В настоящее время англоязычные словари воспроизводят инвективную лексику в полном виде. Непристойные инвективы регулярно произносятся с кино– и телеэкранов. Инвективы, употреблённые в кинофильмах, осуждаются меньше, чем такие же инвективы с экрана телевизора: предполагается, что посещение кино – частное дело зрителей, в то время как телевизионные приёмники – обязательный предмет в каждой семье: так что получается, что зрителям и слушателям сквернословие принудительно навязывается.
Мало помалу отношение к сквернословию в США всё больше и больше либерализируется. В штате Массачусетс уже несколько десятилетий назад было принято решение, что брань в общественном месте, за которую раньше можно было попасть под суд, больше не принадлежит запрету, если она не ведёт к насильственным действиям. Ещё раньше штат Юта вынес решение, что сквернословить или не сквернословить – личное дело самих граждан, и запрещать в данном случае равносильно покушению на гражданские права.
Любопытно отношение к цензурированию сквернословия в средствах массовой информации бывшей Югославии. В разделившейся на несколько враждующих частей территории считается, что «наши» сквернословить не могут, а вот «они» – сколько угодно. В статье на эту тему, помещённой в журнале «Маледикта», приводится цитированный в двух газетах один и тот же диалог, в котором брань «своих» офицеров заменяется точками, а мат офицеров вражеских приводится полностью. Правда, когда воспроизводится речь «своего» фермера (хорвата), у которого враги (сербы) сожгли дом, его грубые гневные слова тоже приводятся полностью: «Jebem jim mater krvavo!» (русскому читателю перевод вряд ли необходим). Автор статьи в «Маледикте» считает, что какая-либо замена мата здесь звучала бы просто комично, и сочувственный гневный эффект пропал бы.
В русской практике такое отношение к мату пока абсолютно невозможно, даже если намерения автора – самые благие.
Автор цитированной статьи отмечает, что с окончанием гражданской войны в Югославии подобное цитирование брани в СМИ полностью прекратилось. Таким образом, снова подтвердилась мысль, что ухудшение психологической ситуации порождает соответствующий словарь. С улучшением ситуации речь снова становится литературнее.

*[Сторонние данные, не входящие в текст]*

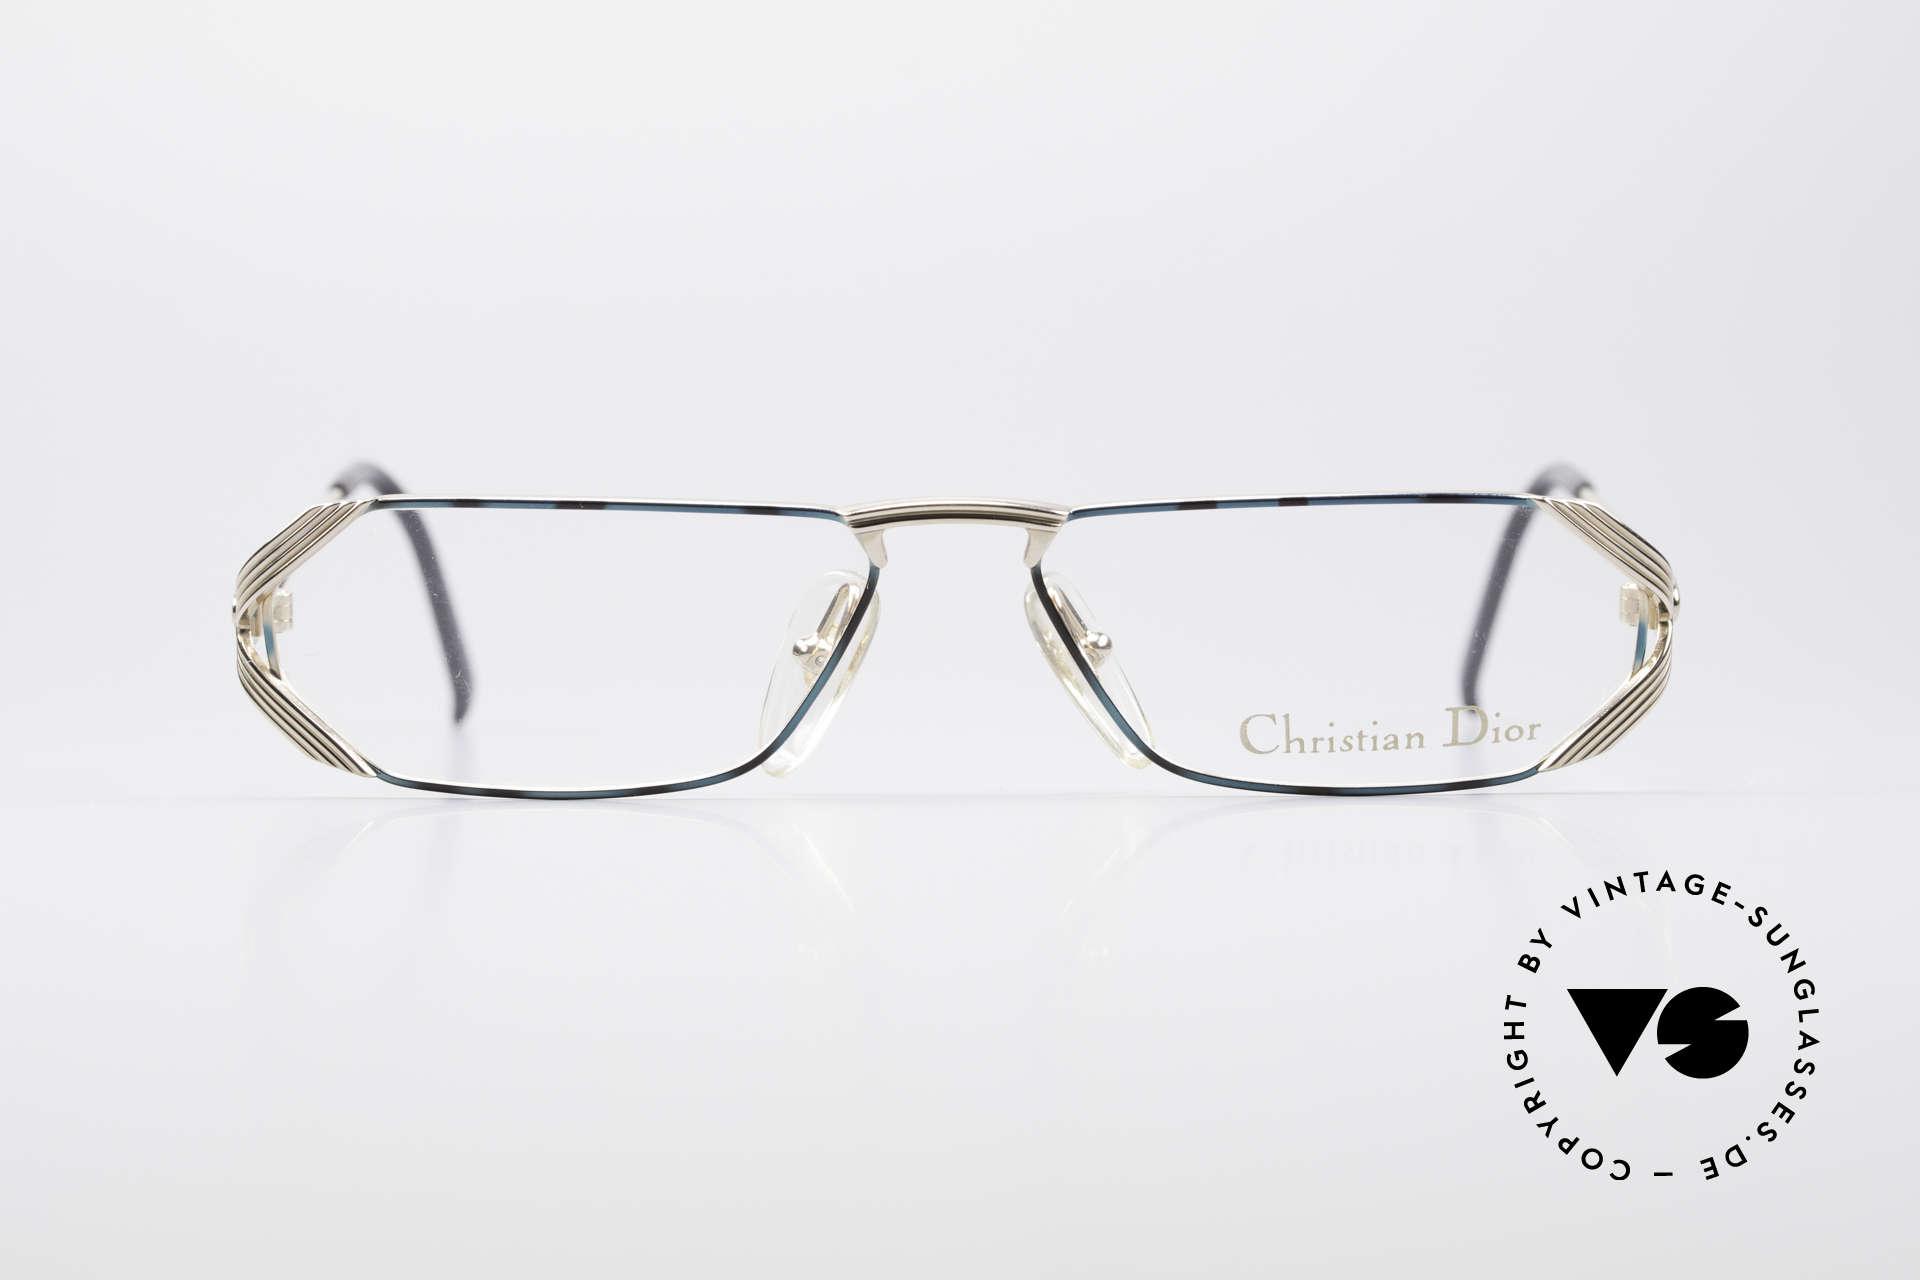 Christian Dior 2617 Vintage Lesebrille 90er, markantes Design & elegante Farbgestaltung, Passend für Herren

По-видимому, медленнее всего идёт разрушение инвективных запретов на театральных подмостках. Психологическая разница в восприятии запрещённого слова в книге и театральном зале очень существенна. Одно дело, когда соответствующие слова пишутся там, где их может прочесть читатель (каждый раз – наедине с текстом), и совсем другое – когда эти же слова произносятся во всеуслышание актёром, принадлежащим к образованным слоям населения, и воспринимаются они одновременно и тотчас же зрителями и слушателями. Непосредственный контакт зрителя с живым, находящимся перед ним актёром, во много раз сильнее, чем контакт с тем же актёром, произносящим текст с кино– или телеэкрана. И именно личный контакт играет решающую роль при использовании такой устной формы общения, как инвектива.
Поэтому в крупных театрах большинства стран мира сквернословие в своём крайнем проявлении почти невозможно. В результате авторам пьес приходится или смягчать инвективу, заменять её относительно приемлемой, или строить фразу таким образом, чтобы зрители могли самостоятельно легко восполнить «пробел».
Исключения в этом плане можно сделать для нестандартных театров типа авангардистских, чья основная цель – эпатировать зрителя, а также для простонародных театров балаганного типа, где сквернословие – озорное средство создания весёлого шока.
Во вьетнамском театре в некоторых пьесах, где участвуют резко отрицательные персонажи (в сравнительно недавние времена – американские оккупанты), инвективизированная речь – их дополнительная отрицательная характеристика.